#### What you have to do
Every line below is to be given again precisely; images are to be left out.

#### Recorded data
= = = =

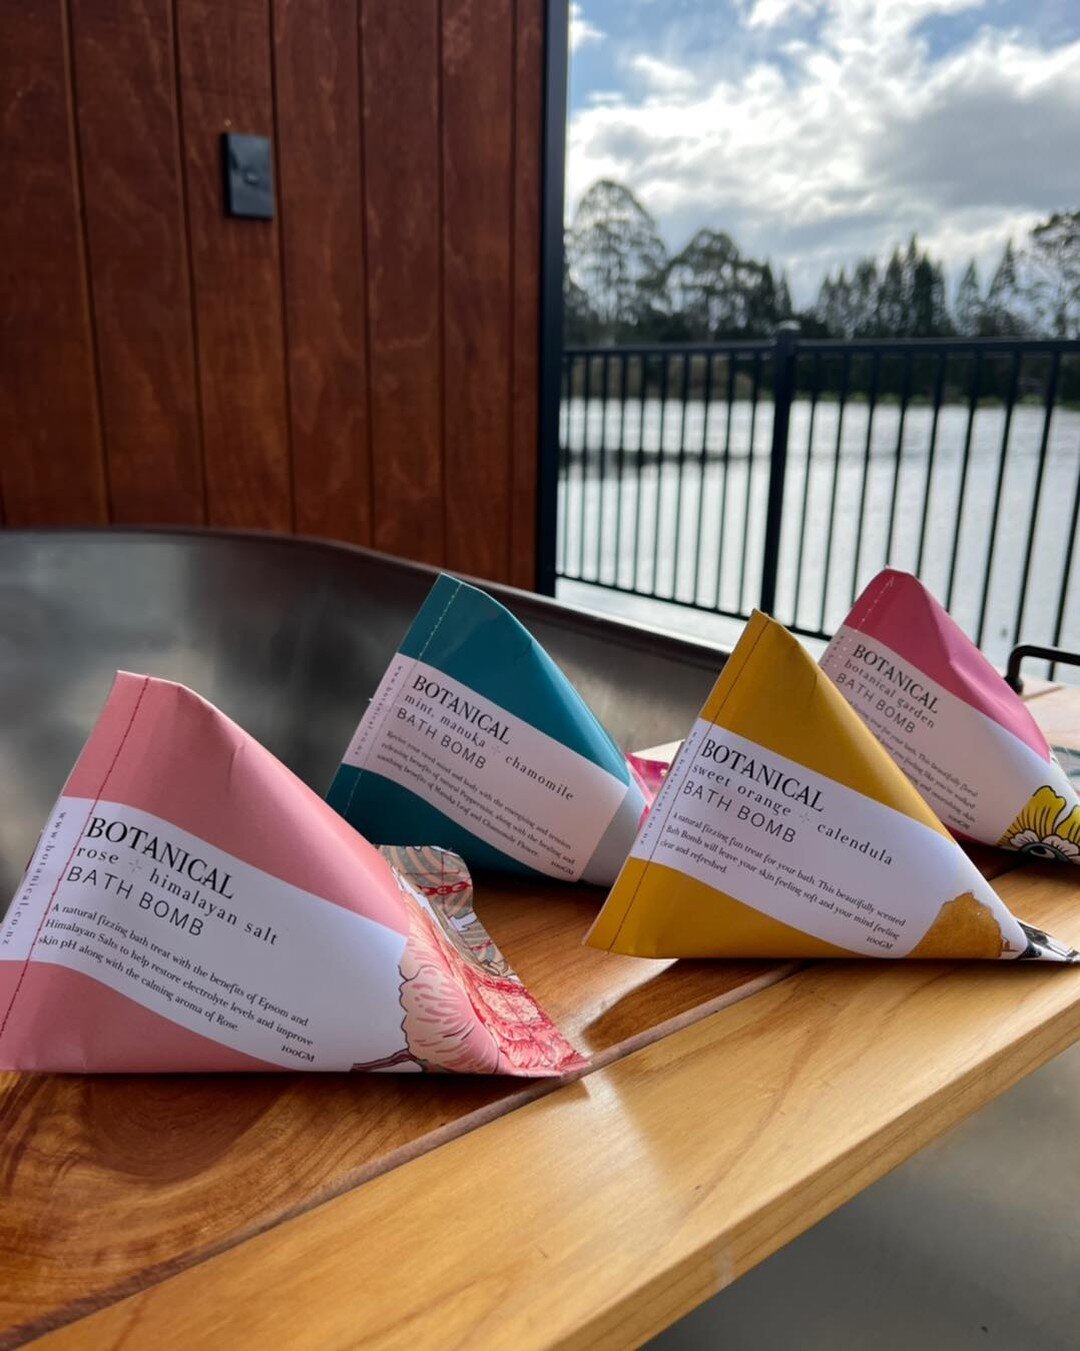 We are so excited to be adding a new range of natural bath bombs from @botanicalskincare_nz 😍 
Make sure you try out one of these fizzing fun treats! 😌🥰

-We will be finishing up using the rest of our previous bath bombs before we add these guys t

= = = =

#### Reply
 We are so excited to be adding a new range of natural bath bombs from @botanicalskincare_nz 😍 
Make sure you try out one of these fizzing fun treats! 😌🥰

-We will be finishing up using the rest of our previous bath bombs before we add these guys t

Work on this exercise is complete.